Installation & Setup - kevmtan/EEG-ICA-pipeline GitHub Wiki
This guide and its code are tailored for .bdf recordings from CMU Psych's BioSemi. It has been tested on CNBC's Psych-O cluster, using Matlab 2013a (should work up to Matlab 2014a). To use 2013a on Psych-O, enter mode load matlab-8.1
each time you open a session. EEGLAB will not work on Matlab 2014b+!
- Install latest EEGLAB in your user MATLAB directory
- Run EEGLAB and install the required plugins (GUI method highly recommended)
- Click
File > Manage EEGLAB extensions > Data import extensions
then install:- Biosig toolbox
- Click
File > Manage EEGLAB extensions > Data processing extensions
then install:- Fieldtrip-lite (Oostenveld et al., 2011)
- MARA (Multiple Artifact Rejection Algorithm; Winkler et al., 2011)
- PrepPipeline (Bigdely-Shamlo et al., 2015)
- firfilt (Finite Impulse Response Filter; Widmann et al., 2015)
- fitTwoDipoles (Piazza et al., 2016)
- AMICA* (Adaptive Mixture ICA; Palmer et al., 2011)
- FASTER* (Nolan et al., 2011)
- * If they do not appear in the GUI, manually install AMICA & FASTER to your EEGLAB plugin directory
- Click
Add the EEG base directory and PrepPipeline base+subdirectories to your Matlab path. "Save as" this path to your home MATLAB folder (or somewhere accessible). The default Matlab path is protected in Psych-O, so you'll have to manually load it each time you start Matlab: cd('yourpathfolder'); path(pathdef);
NOTE: The supplied code will need editing to match your directory structure, filenames, and preferred parameters. Newer versions of the above may also require changes in the code. For example, AMICA functions change names for each version, so that would need to be updated.
The image above shows the settings that should be used for preprocessing and single-subject analysis. However, the functions in the supplied code will apply custom EEGLAB settings. It's best to check your settings each time you start EEGLAB: File > Memory and other options
- DISABLE "use single precision", as double precision computation is essential because round off in single precision quickly destroys any natural commutativity of the linear operations (Bigdely-Shamlo et al., 2015).
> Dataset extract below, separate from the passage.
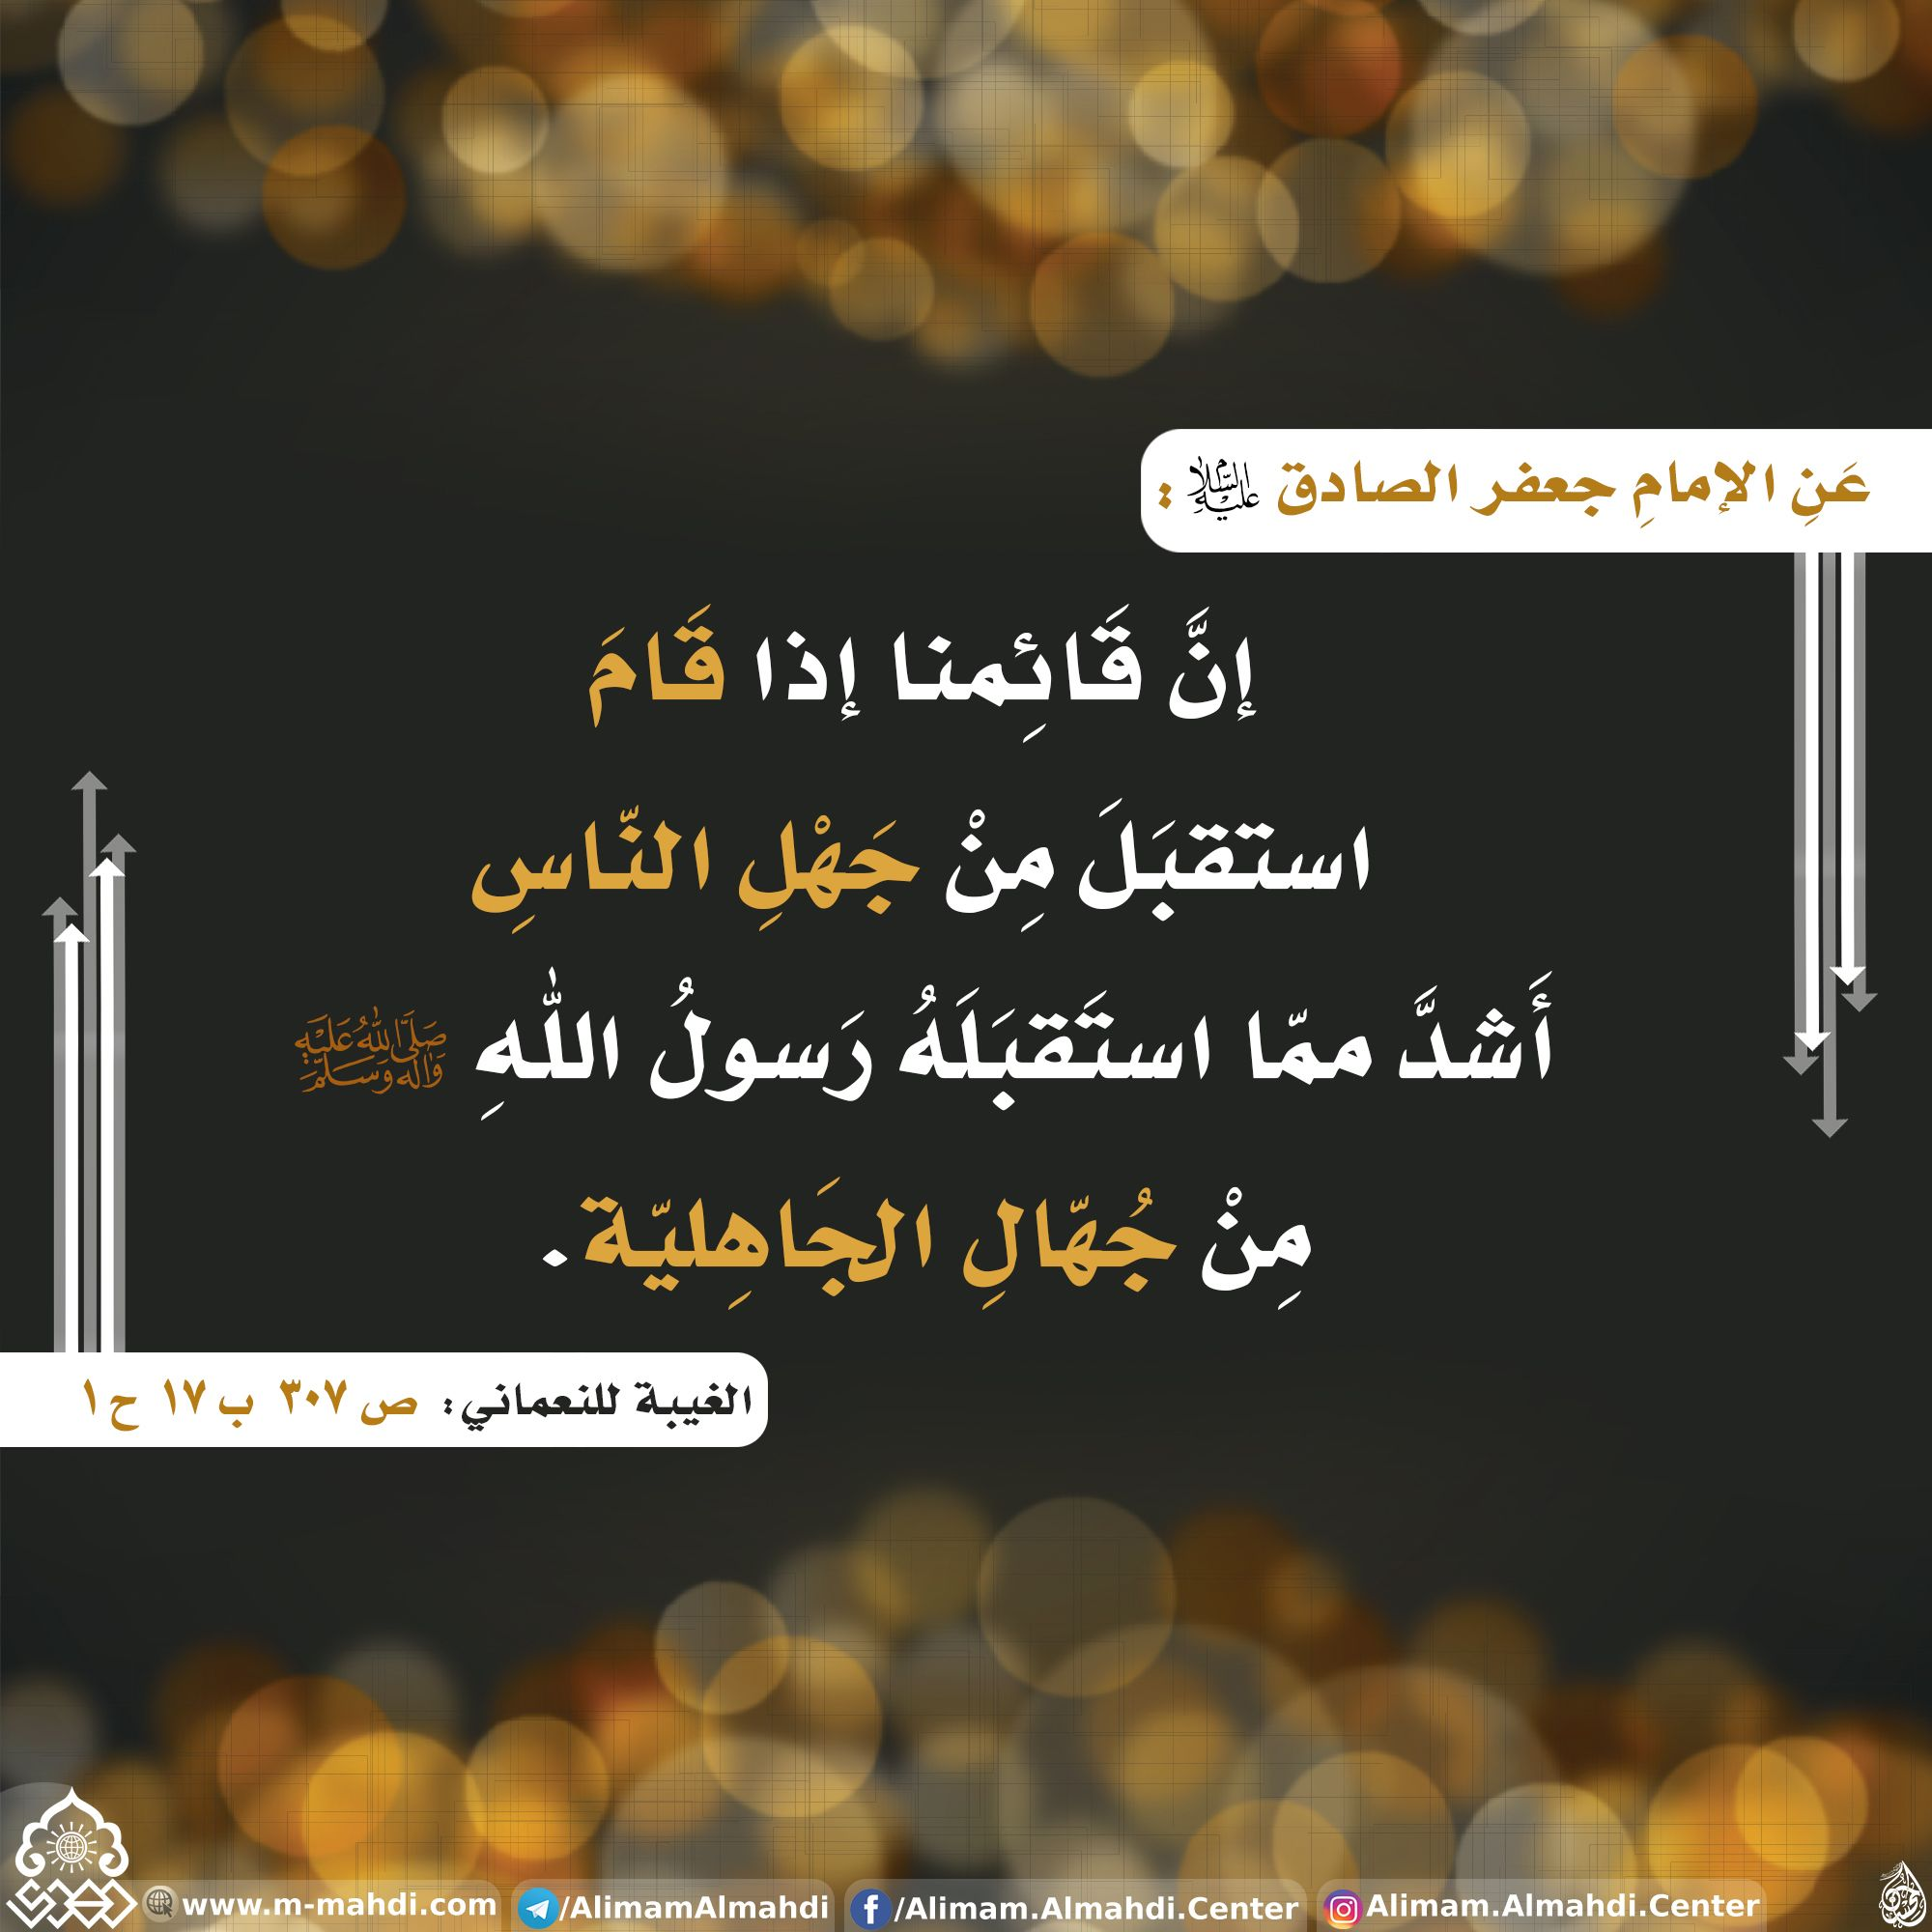 الأحاديث المهدوية Proverbs Quotes Shia Islam Hadith

- ENABLE "scale ICA activity by root mean square (RMS)." This takes the RMS of each channel's contribution to an IC. Effectivity, this shows an IC's activation as its relative contribution to the total EEG data, making ICs comparable to each other (Zavala-Fernandez et al., 2007)
- DISABLE "keep at most one dataset in memory" for pre-processing and single-subject analysis. ENABLE this setting for multi-subject analysis via EEGLAB's study structure.